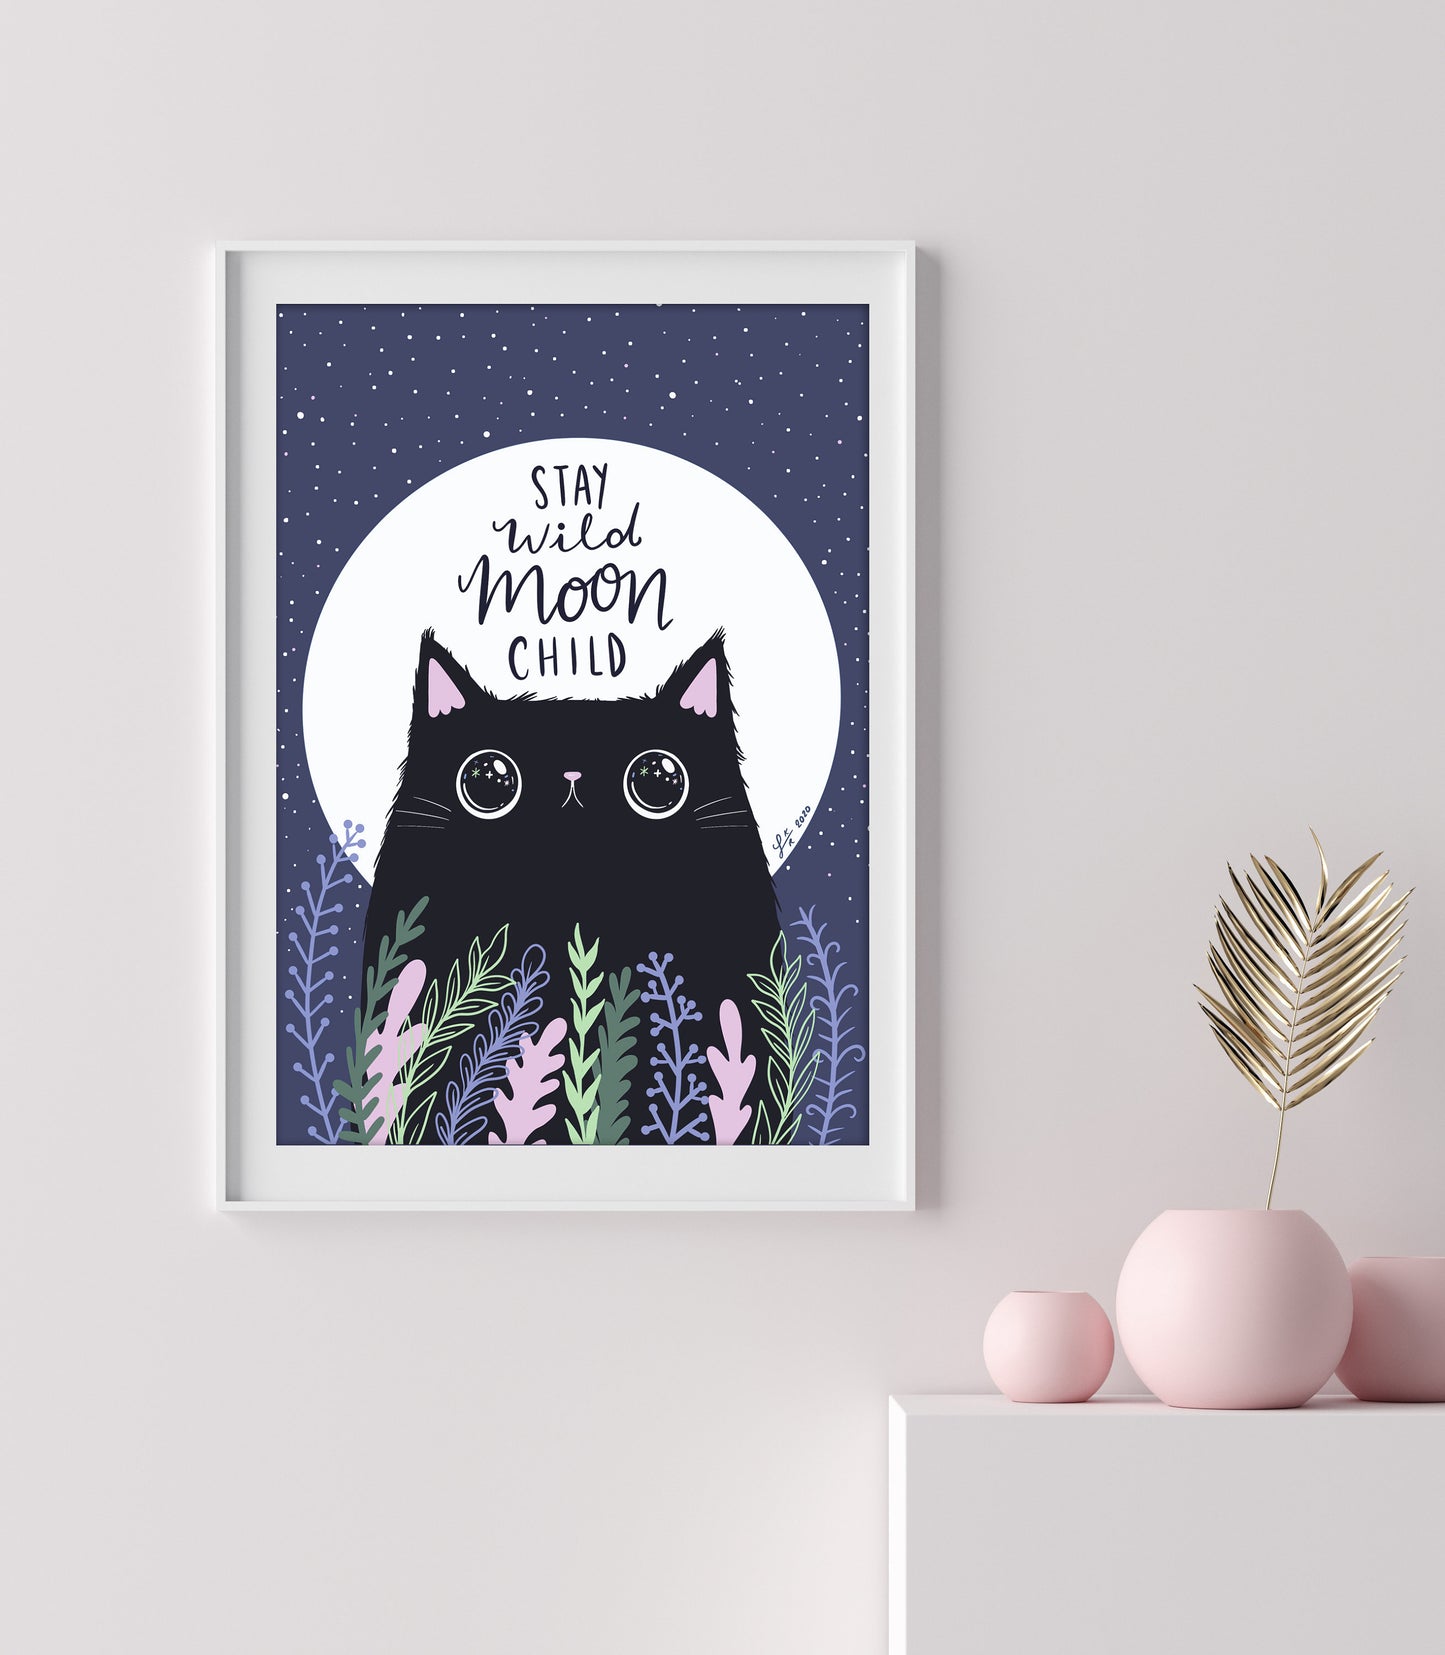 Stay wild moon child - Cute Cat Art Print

┄┄┄┄┄┄┄┄┄┄

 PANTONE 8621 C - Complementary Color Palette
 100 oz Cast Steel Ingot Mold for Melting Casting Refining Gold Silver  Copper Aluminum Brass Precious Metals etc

┄┄┄┄┄┄┄┄┄┄

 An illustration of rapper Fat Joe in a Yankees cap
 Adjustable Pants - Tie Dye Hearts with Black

┄┄┄┄┄┄┄┄┄┄

Exercise goal | In the listing above, find the line containing "An illustration of" and the line containing "Adjustable Pants - Tie Dye Hearts with Black", then retype both and every line between them exactly, with nothing else.

Task output |
 An illustration of rapper Fat Joe in a Yankees cap
 Adjustable Pants - Tie Dye Hearts with Black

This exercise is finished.